New Delhi: Indian employees can expect salary increments ranging between 8.6 per cent and 10.2 per cent in FY2026-27, depending on their industry and role, with workers in EV infrastructure, fintech, healthcare and engineering-related functions likely to see the biggest pay hikes, showed the findings of TeamLease Services’ Jobs and Salaries Primer FY2026-27 released on Tuesday.
The report, based on responses from 1,268 businesses across 23 industries and 20 cities, projects the strongest salary growth in high-growth sectors such as EV and EV infrastructure, fintech, healthcare and pharmaceuticals, and power and energy, where increments are expected to range between 9.6 per cent and 10.2 per cent.
At the role level, electrical engineers are projected to receive the highest salary increases at 11.2 per cent, followed by quality control inspectors at 10.9 per cent, project engineers at 10.7 per cent, IT support executives at 10.3 per cent, and quality assurance engineers and site engineers at 10.2 per cent each.
“India’s salary landscape in FY 2026–27 is becoming more differentiated and execution-led,” said Balasubramanian A, senior vice president at TeamLease Services. “Increment trends are increasingly being shaped by sector-specific growth and specialised skills.”
Industries classified as sustainable-growth sectors, including automotive, retail, insurance and BPO, are expected to offer salary hikes of 8.9 per cent to 9.5 per cent. Within these sectors, project engineers are projected to see increments of 10.7 per cent, while EHS officers, IT support executives, and relationship executives are likely to receive hikes of 10.1 per cent.
Meanwhile, banking, construction and real estate, telecommunications and textiles are expected to record more moderate salary growth of 8.6 per cent to 8.8 per cent. Even in these sectors, certain roles continue to command premium increases, including site engineers (9.8 per cent), tele callers (9.7 per cent), and financial reconciliation analysts and IT support executives (9.5 per cent each).
However, a prolonged spell of geopolitical tensions and inflationary pressures could temper projected salary growth in the 2026-27 appraisal cycle, according to TeamLease Services. Businesses may become more cautious if higher input costs and economic uncertainty persist.
“If geopolitical tensions, inflationary pressures and higher input costs persist over the coming months, they could influence business performance and cost planning for the FY27 cycle. In such a scenario, organisations may adopt a more cautious approach to salary budgets while continuing to prioritise critical talent and high-performing employees,” said Balasubramanian.
He added that even if headline salary hikes remain unchanged, elevated inflation could erode real wage gains by reducing employees’ purchasing power.
Across functions, demand remains strongest for sales and marketing, engineering and IT talent. Relationship executives in NBFCs are projected to receive salary hikes of 10.1 per cent, while marketing executives, automotive showroom sales professionals and FMCG area sales managers are expected to see increments of around 10 per cent.
The report also points to rising wage growth among blue-collar workers.

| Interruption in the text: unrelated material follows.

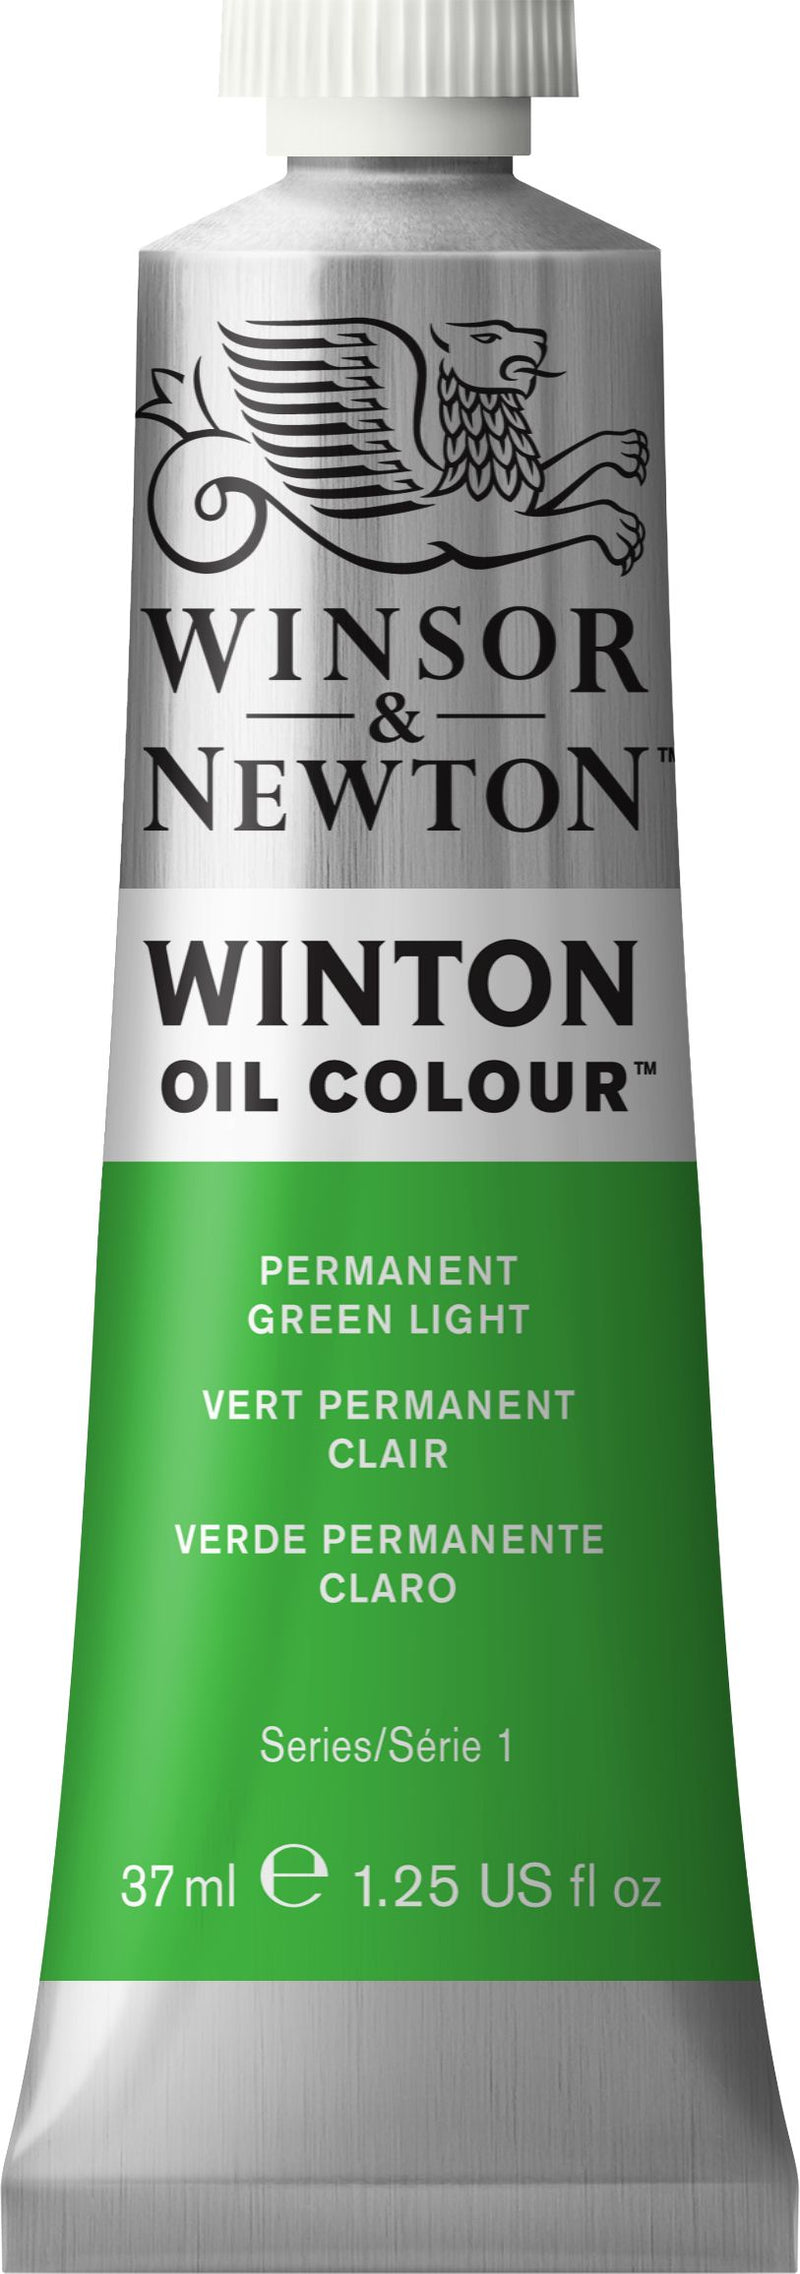 Winton Oil Colour Permanent Green Light - 37ml tube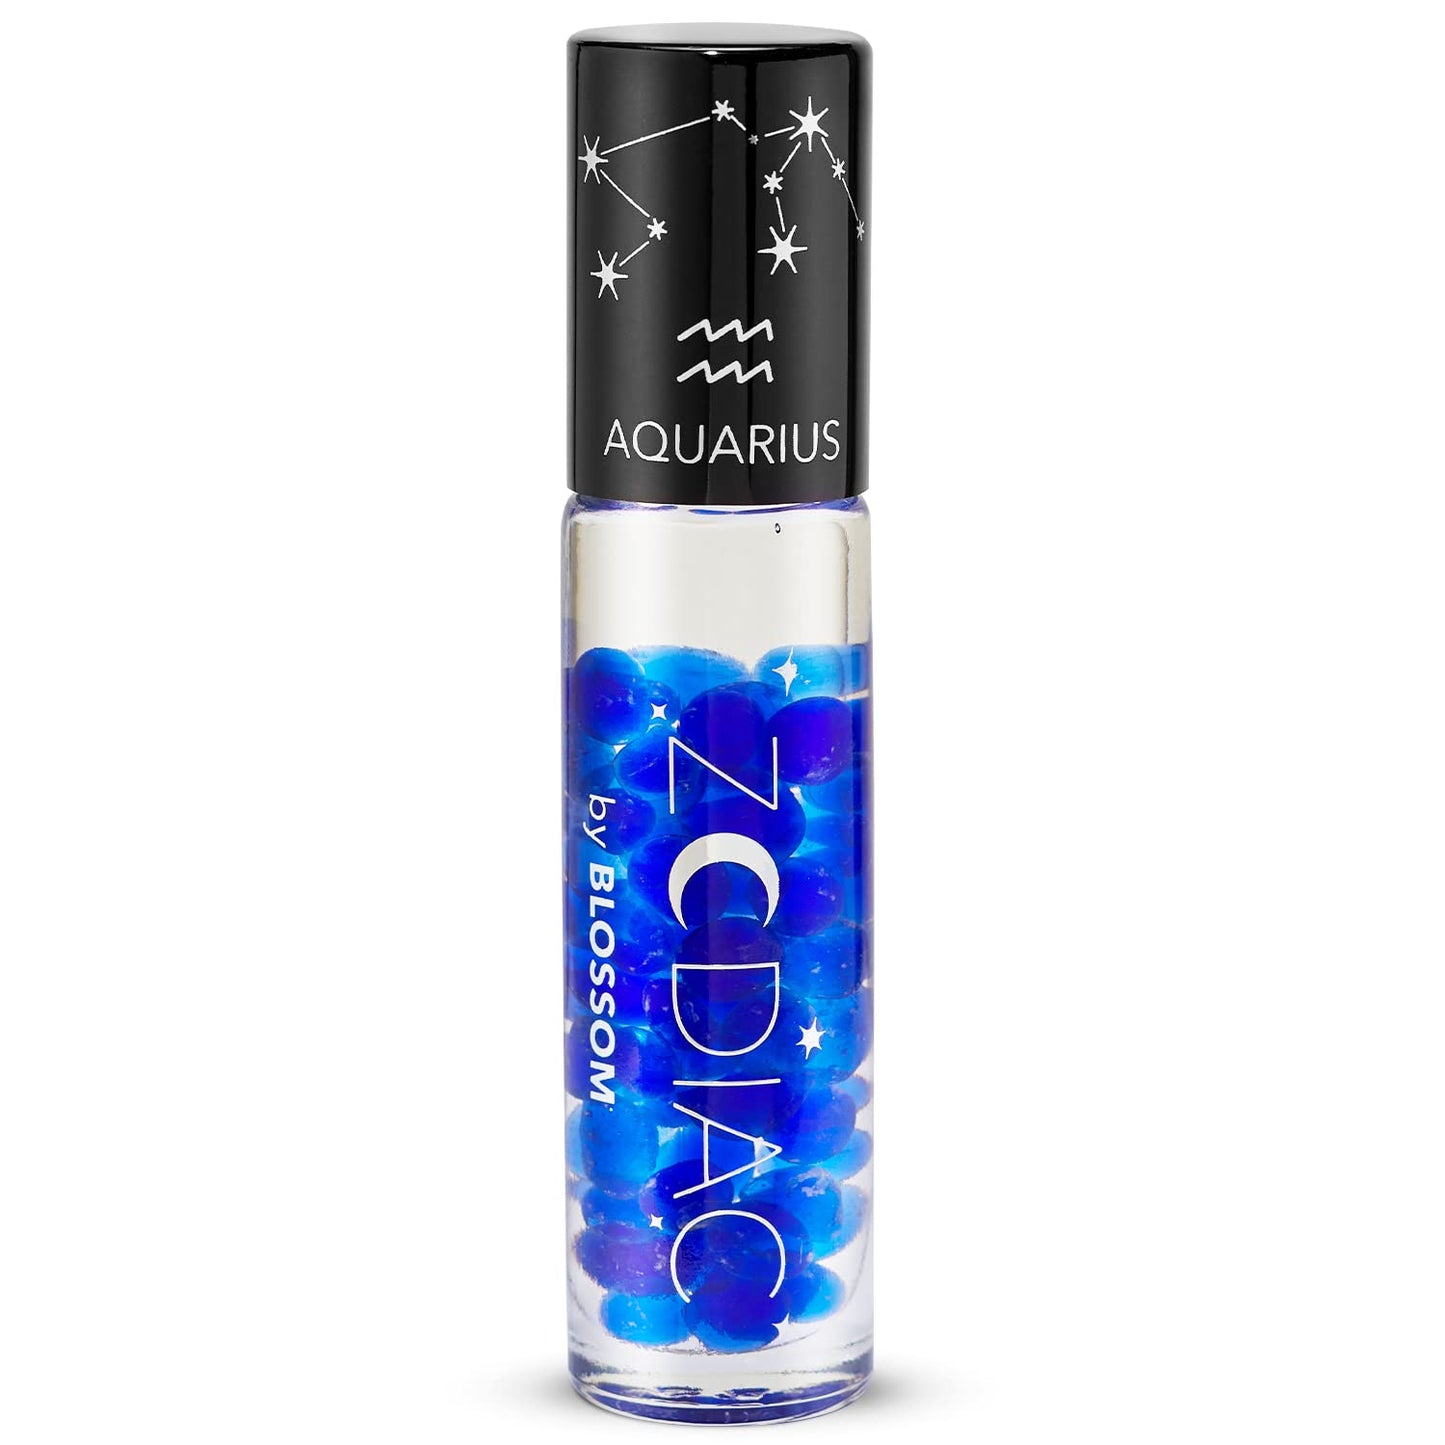 Crystal Infused Zodiac Vanilla-Flavored Roll-On Lip Gloss - Aquarius

EV charger installation technicians are expected to receive salary increases of 10.3 per cent, while field service technicians and logistics loaders or unloaders could see hikes of 9.6 per cent and 9.5 per cent, respectively. Service technicians in the consumer durables sector are projected to receive 9.4 per cent increments.
Among cities, Chennai is projected to lead salary growth at 9.7 per cent, followed by Pune and Hyderabad at 9.6 per cent each, and Ahmedabad at 9.5 per cent. Emerging centres such as Visakhapatnam (9.5 per cent) and Nagpur (9.4 per cent) are also gaining ground, while Surat, Chandigarh and Lucknow are expected to record slower growth than last year.
“Compensation growth is no longer concentrated only in traditional metro markets,” Balasubramanian said. “Emerging cities are steadily strengthening their position in the talent economy, supported by industrial expansion, enterprise investments and evolving business ecosystems.”
The report also highlighted widening pay disparities between permanent and temporary workers. Manufacturing, engineering and infrastructure recorded the highest compensation variance at 11.4 per cent, followed by insurance (9.9 per cent), banking (9.8 per cent) and healthcare and pharmaceuticals (9.3 per cent). In contrast, IT (4.9 per cent), fintech (4.8 per cent), power and energy (4.3 per cent) and travel and hospitality (4.2 per cent) showed relatively stable pay structures.